I was up against a brick wall so I decided to let the matter drop. I returned my completed fixed charge form (*for the 3rd time*); a copy of my licence (*for the 2nd time*); my €80 cheque (*for the 3rd time*) plus another cheque for €40. Hoping at this point that this was the end of the episode and that I could expect my receipt of payment in the post. 

I yet again received all documents back with a cover letter and handwritten note stating that “_only one cheque acceptable. Sorry_”. 

At stage I was totally frustrated. I have, as far as I am concerned, I followed the correct procedure but firstly due to the miswording on the form my payment was not accepted and then I was penalised as it was not processed in time. I am happy to pay the original €80 but feel that I am being unjustly penalised by the subsequent charge of €40. I finally sent a cover letter explaining why I felt I was being unfairly treated and enclosed the original cheque for €80 along with my fixed charge form and a copy of my driving licence.

I have now received a summons to appear in court in January. I am happy to stand up in front of the judge to defend myself but do you think I have a leg to stand on or will the judge come down hard on me for trying to challenge the Gardai.


----------



## finegan1 (16 Nov 2006)

Oh is this FOR REAL???  Yes I think you are in the right.  What a disastrous system.


----------



## rmelly (16 Nov 2006)

yes, it's clearly a disastrous system, but then again he was caught speeding...


----------



## mmclo (16 Nov 2006)

The system is certainly disastorous but a court conviction will automatically mean double the points, you have to weigh up the pros and cons of that. By sending the fine you were accepting the facts thus it would be near impossible to be found innocent in ct. So you are nearly certain to get 4 points. I think this is ridiculous and will be challenged some day.

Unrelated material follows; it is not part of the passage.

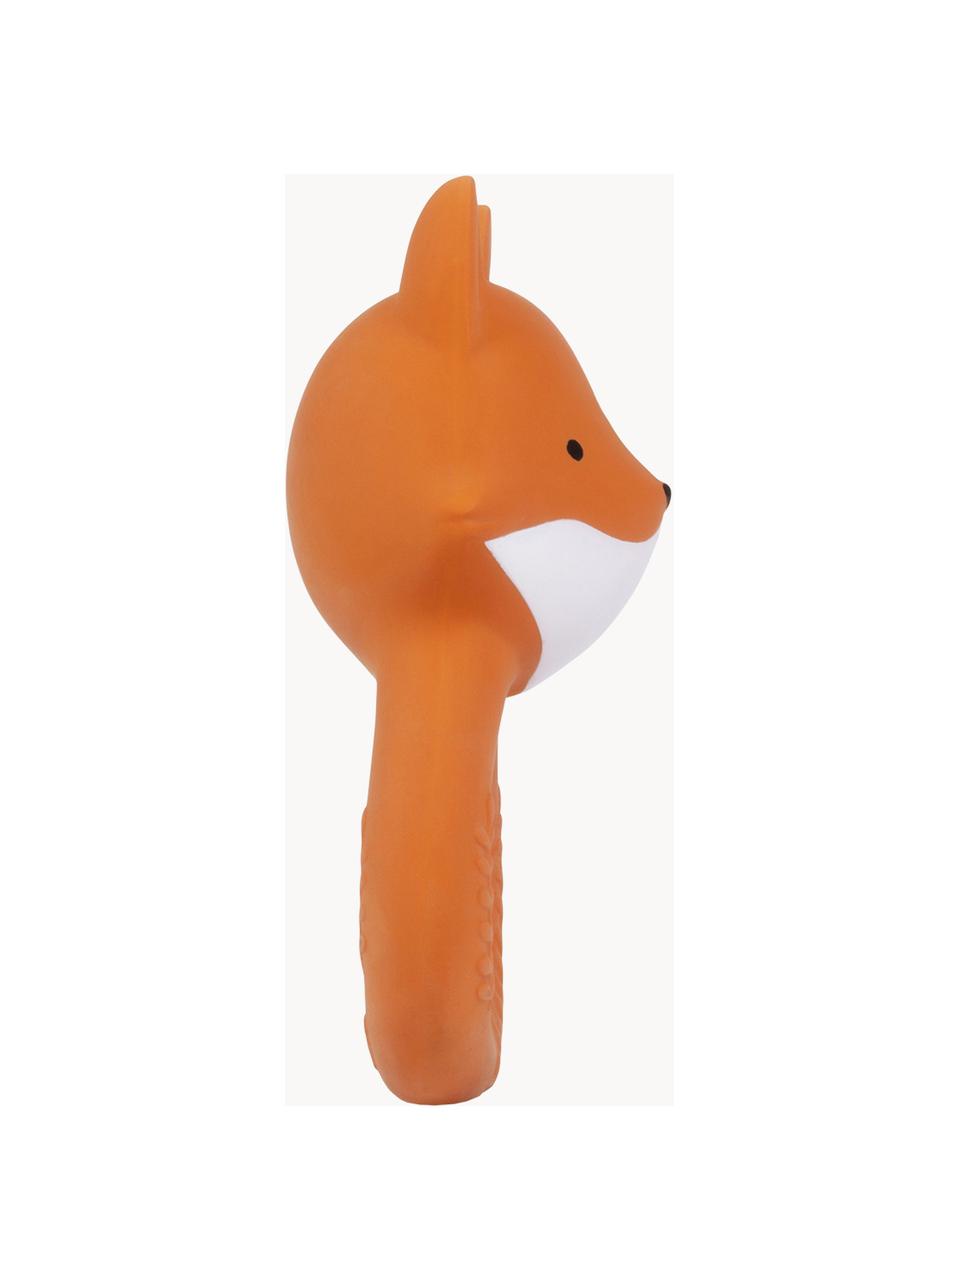 Bijtring Fox van natuurlijk rubber, Natuurlijk rubber, Oranje, B 7 x H 12 cm
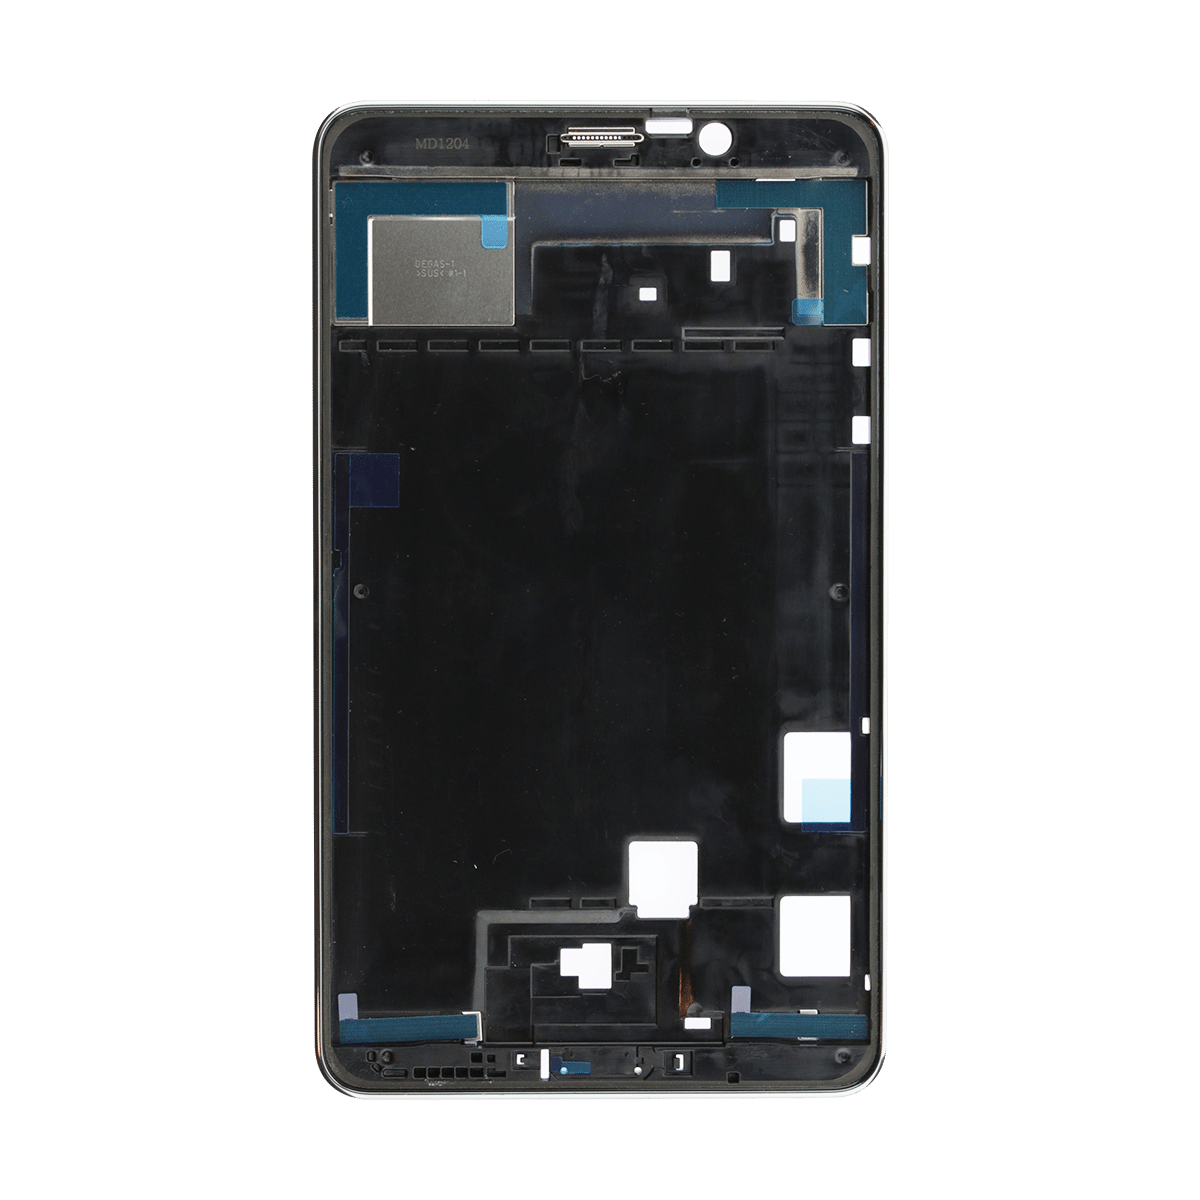 Samsung Galaxy Tab 4 7.0 SM-T230 Middle Frame & Bezel

NB This shoudlnot be construed as legal advice


----------



## bond-007 (16 Nov 2006)

pattt said:


> 1) The date of summons is six months and a day after the speeding photo


 
The summons *must* be dated within 6 months of the offence, otherwise they are in violation of the Petty Sessions (Ireland) Act 1882. 
This charge is non runner. You home and dry on this one, count yourself lucky.


----------



## pattt (17 Nov 2006)

bond-007 said:


> The summons *must* be dated within 6 months of the offence, otherwise they are in violation of the Petty Sessions (Ireland) Act 1882.
> This charge is non runner. You home and dry on this one, count yourself lucky.


 
Whats my next step,how do I get it struck out
Pattt


----------



## rmelly (17 Nov 2006)

does this not suggest otherwise?

http://www.askaboutmoney.com/showthread.php?t=41448&highlight=summons+date


----------



## mmclo (17 Nov 2006)

Need to be careful, showing up in ct. can validate the summons or the district court judge can still ammend it.

Not showing up may lead to arrest or conviction in absence.

The logic of your argument is the summons has been issued to late so in that way you shouldn't show up...but this is serious. I think the 6 month rule is set out in more recent legislation than 1882. On this basis you could not show up and quote that act in appeal or when they come with the cuffs!! Be very sure of your dates though. 

I would say there is no automaticity in any of this and if at all possible pay the fines and negostiate witht the Gaurd as that is the only way you have a gauruntee of the outcome.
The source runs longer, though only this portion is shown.